====== MATERIAL PROVIDED
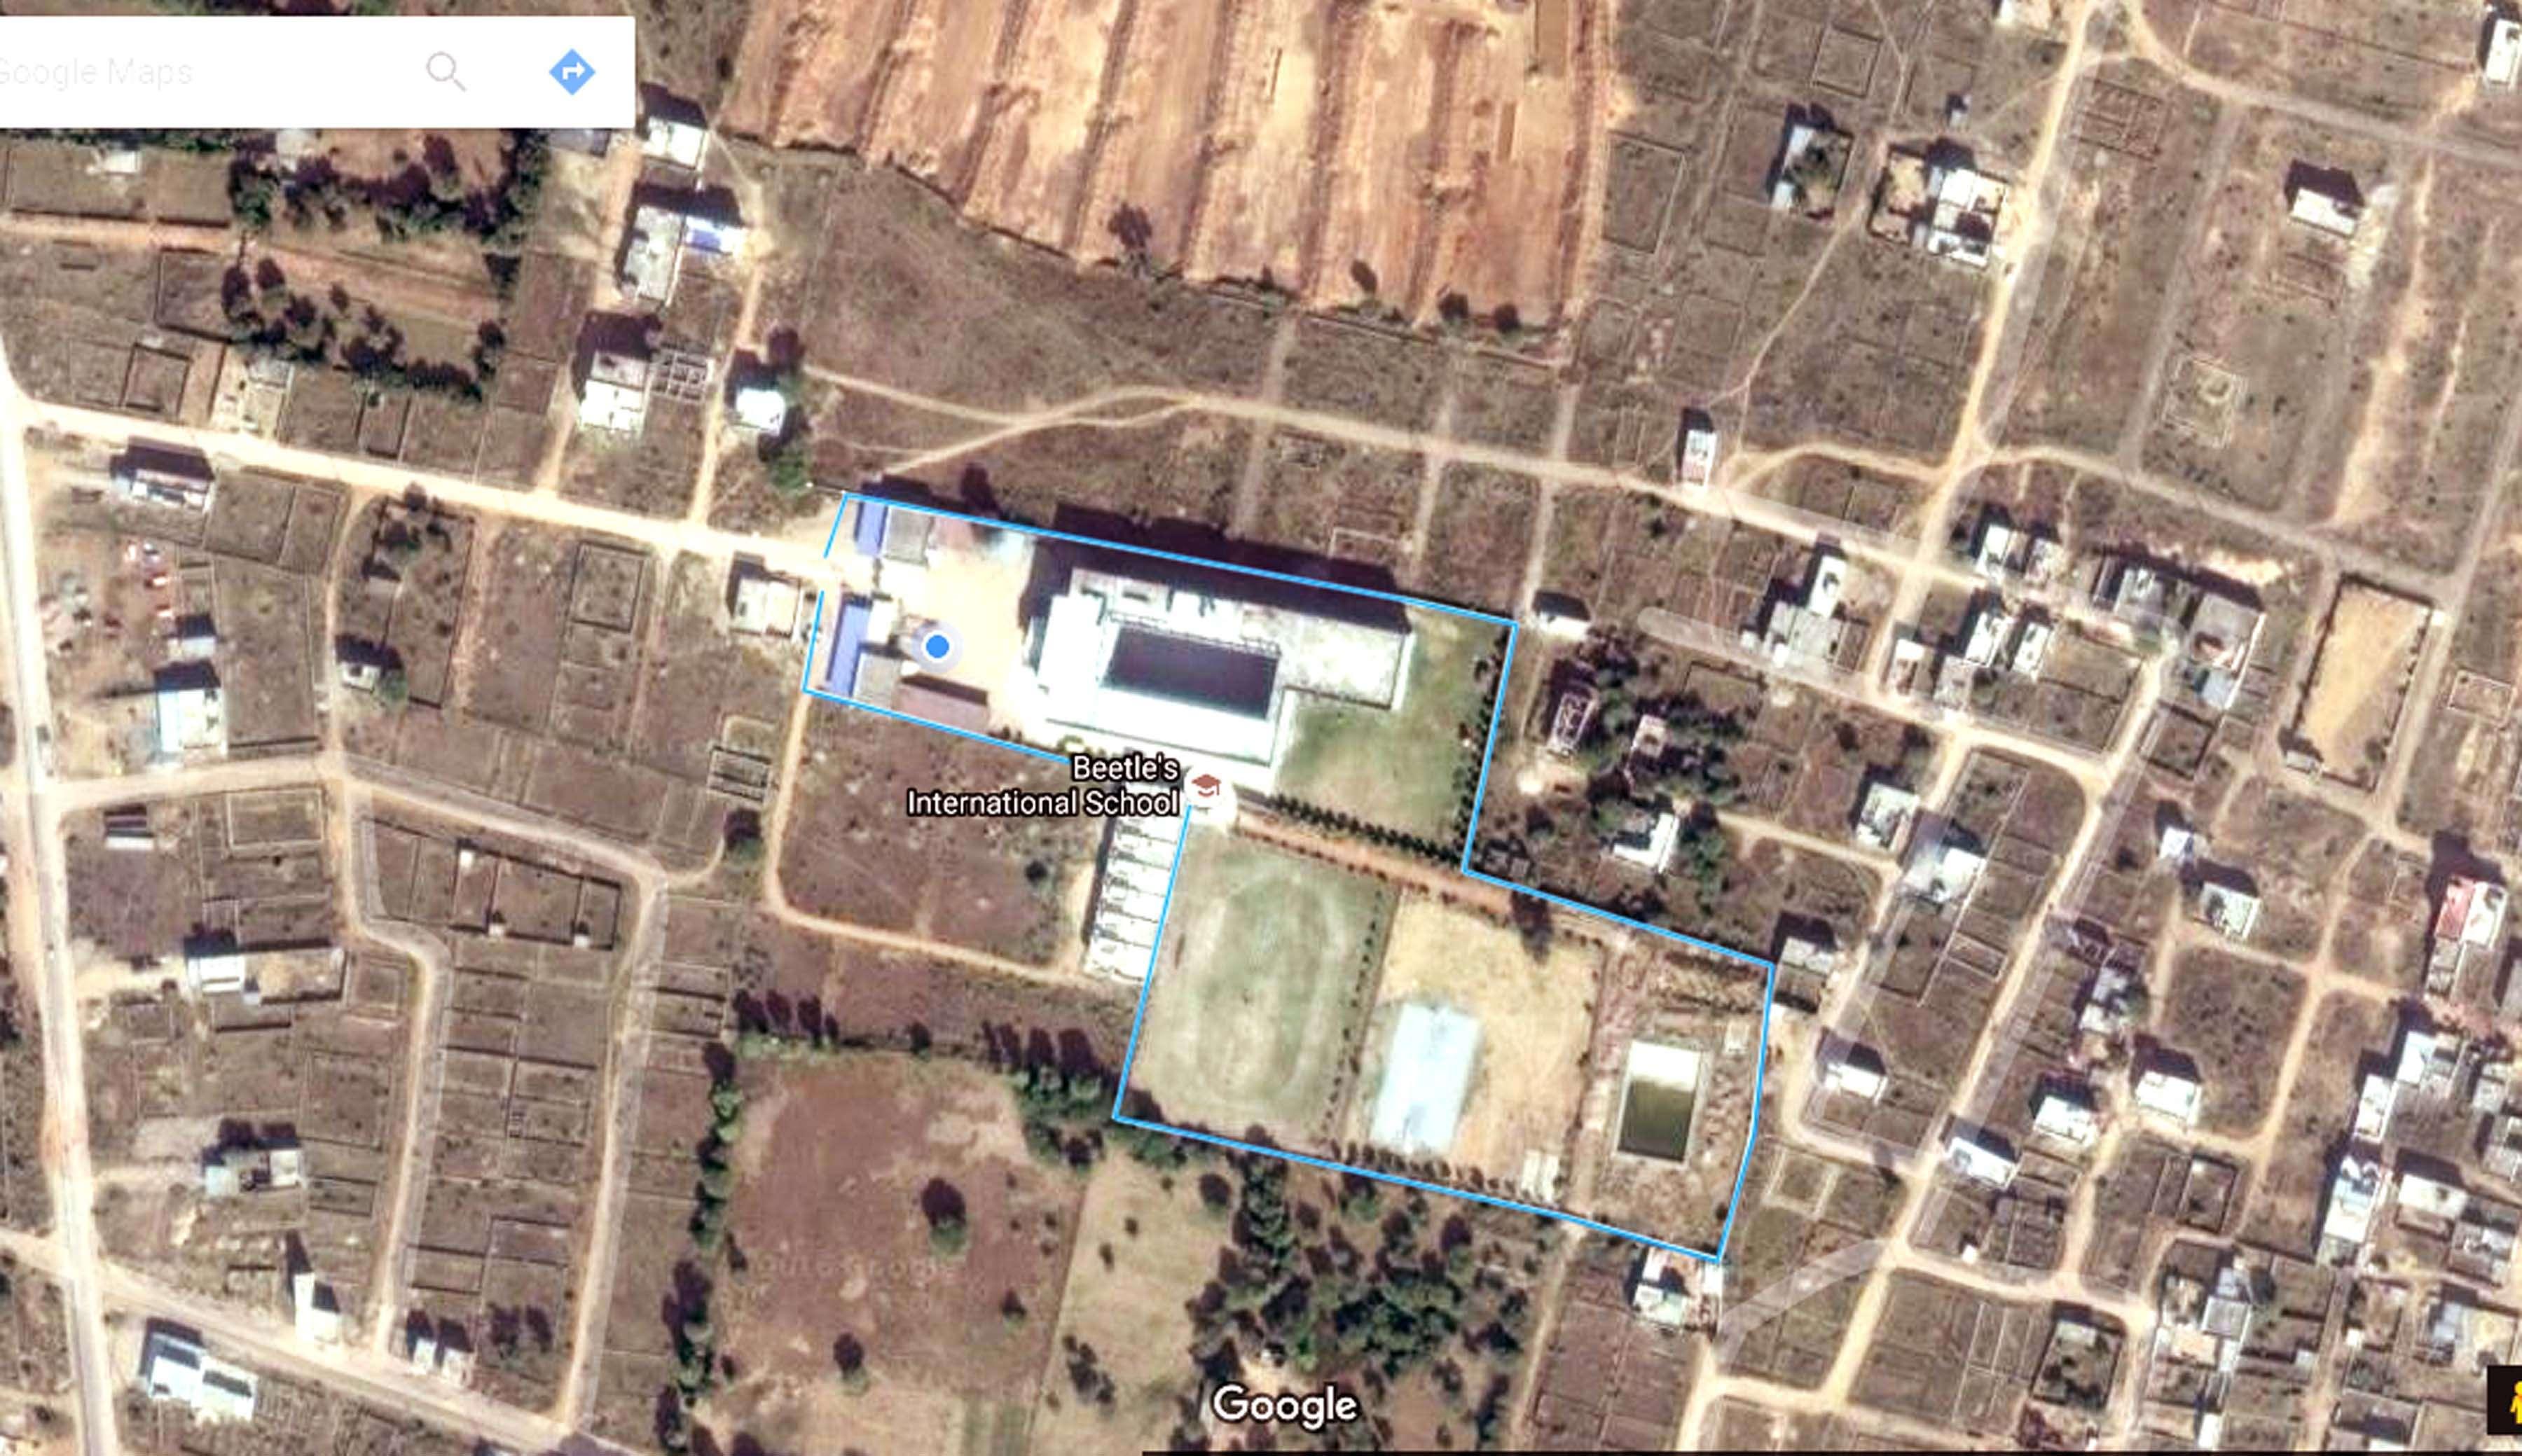 BEETLE S INTERNATIONAL SCHOOL NEAR HEAVENS GARDEN SUMEL ROAD AGRA ROAD JAIPUR 1730521
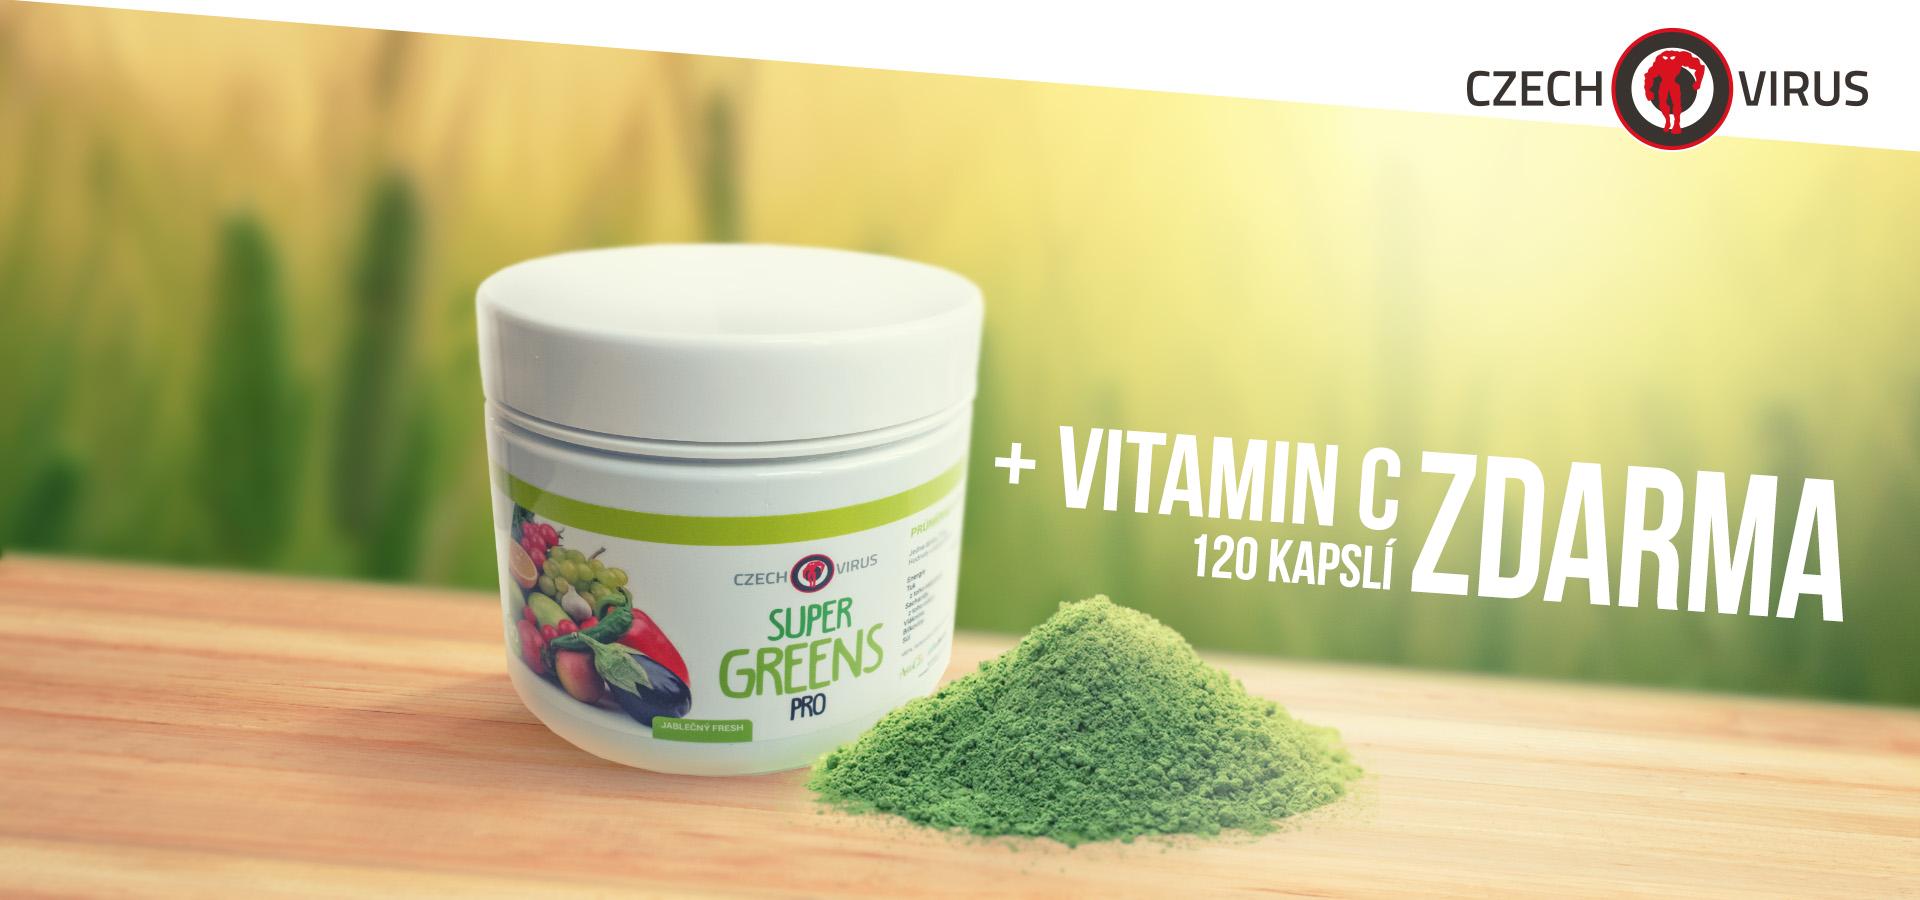 Super Greens akce s vitamínem C
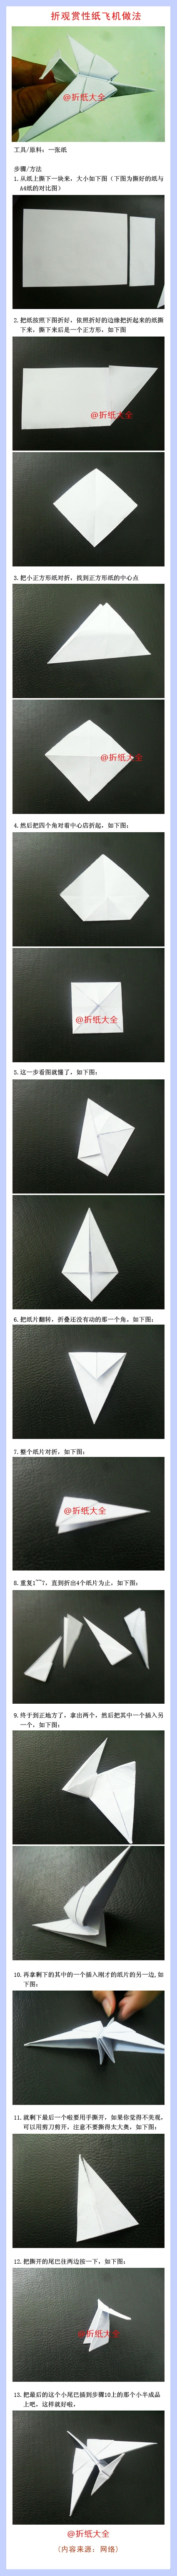 Origami Ornamental Airplane
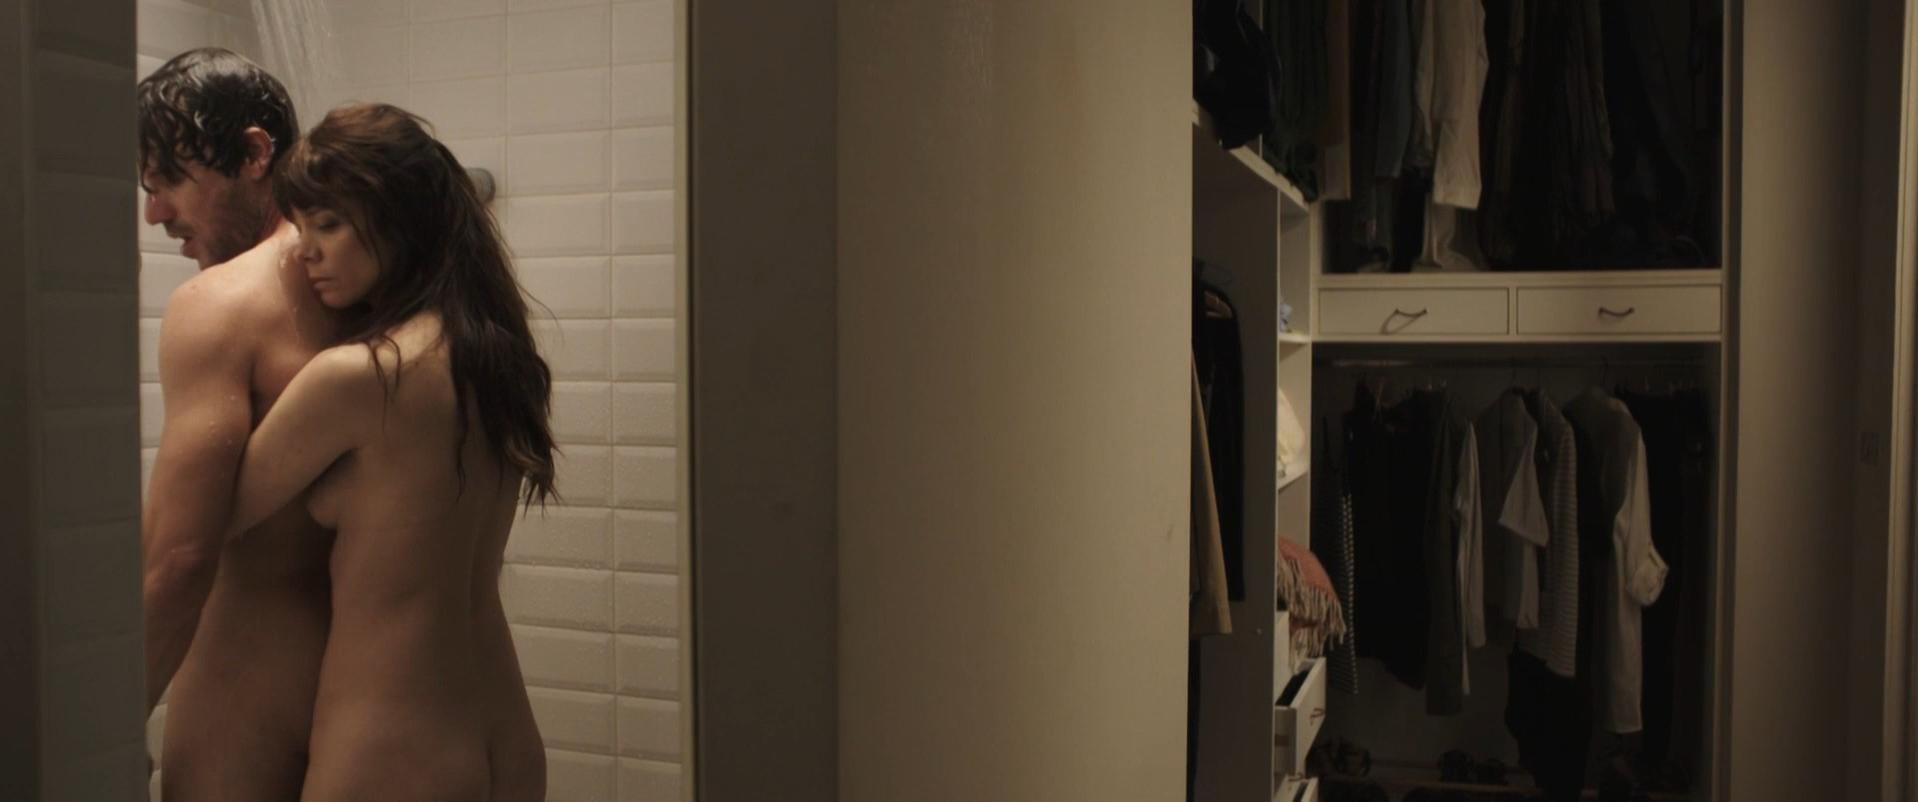 Juana Acosta nude, Ingrid Garcia Jonsson nude - Acantilado (2016)
============
YOUR TASK
Transcribe all of the listing precisely. The images stay out of it.

EXERCISE OUTPUT
 BEETLE S INTERNATIONAL SCHOOL NEAR HEAVENS GARDEN SUMEL ROAD AGRA ROAD JAIPUR 1730521
 Super Greens akce s vitamínem C
 Origami Ornamental Airplane
 Juana Acosta nude, Ingrid Garcia Jonsson nude - Acantilado (2016)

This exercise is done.